Contrary to the W3C XPath Recommendation aggregate XPath functions implemented in SQL Server 2005 do not accept multiple arguments. Only a constant or an XPath expression can thus be passed as the sole argument to any of the aggregate functions, and the XPath expression must evaluate to a singleton or a node set.
sum()
, avg()
, count()
select Books.BooksCollection.query( 'sum(Book/Price)' ).value( '.' ,'money' ) as PriceTotal ,Books.BooksCollection.query( 'avg(Book/Price)' ).value( '.' ,'money' ) as AveragePrice ,Books.BooksCollection.query( 'count(Book/Price)' ).value( '.' ,'int' ) as BookCount from @Books.nodes( '/Books' ) Books (BooksCollection)
Consider the XPath expression used for the BookCount
column. Does it return the actual number of books in the XML sample?
max()
select Books.BooksCollection.query( 'max(Book/Royalty)' ).value( '.' ,'int' ) as LargestRoyalty from @Books.nodes('/Books') Books (BooksCollection)
min()
select Books.BooksCollection.query( 'min(Book/YtdSales)' ).value( '.' ,'int' ) as SmallestYtdSales from @Books.nodes( '/Books' ) Books (BooksCollection)
What can I say about these five functions? Their names pretty much speak for themselves, don't they?
string()
select Books.BooksCollection.query( 'string(Price)' ).value( '.' ,'nvarchar(20)' ) as LocalName from @Books.nodes( '/Books/Book' ) Books (BooksCollection)

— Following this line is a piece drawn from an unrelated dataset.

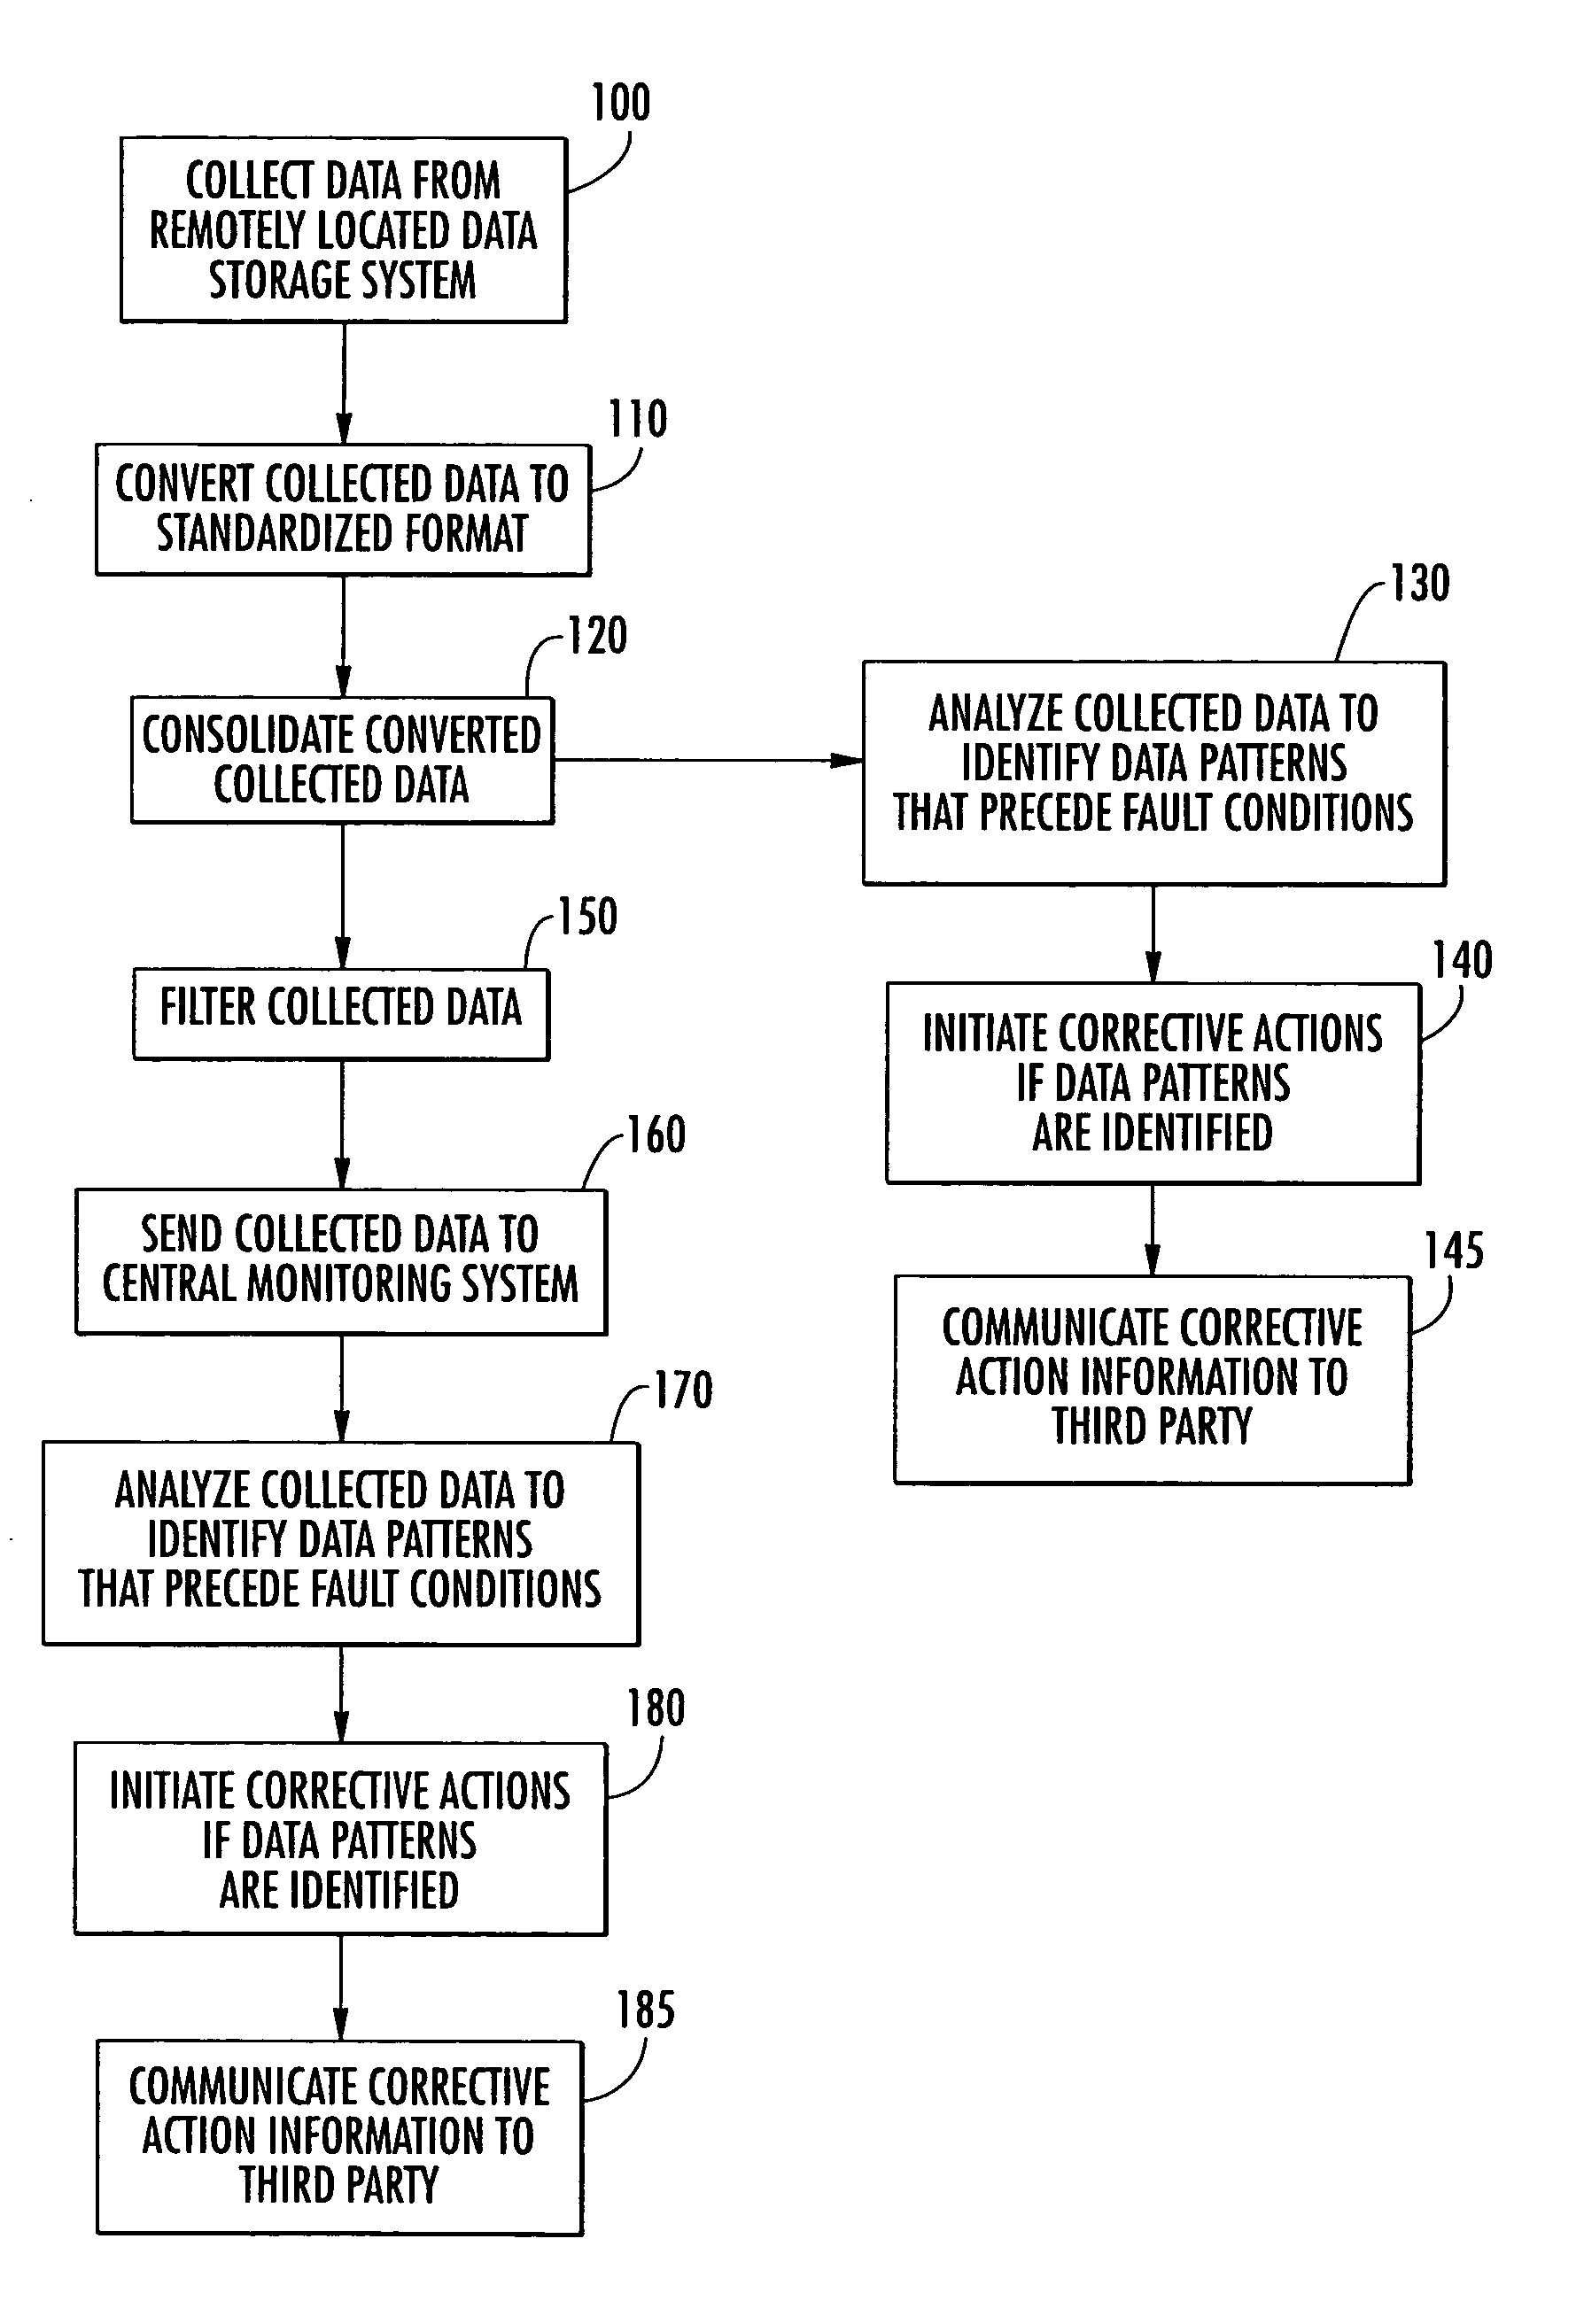 Systems, methods and computer program products for managing a plurality of remotely located data storage systems

Be careful when using the string()
function: when the XPath expression passed as the argument evaluates to a node set, the data from *all* elements of the node set is concatenated into a single string.
string-length()
select Books.BooksCollection.query( 'Title' ).value( '.' ,'nvarchar(80)' ) as Title ,Books.BooksCollection.query( 'string-length(Title)' ).value( '.' ,'int' ) as TitleLength from @Books.nodes( '/Books/Book' ) Books (BooksCollection)
substring()
select Books.BooksCollection.query( 'substring(Title, 4, 12)' ).value( '.' ,'nvarchar(12)' ) as TitleSubstring from @Books.nodes( '/Books/Book' ) Books (BooksCollection)
concat()
The concat()
function is used to concatenate values into a single string. Note that at least two arguments are mandatory, otherwise an exception is raised. Empty sequences (e.g. returned by XPath expressions when no node is matched) are treated as zero-length strings.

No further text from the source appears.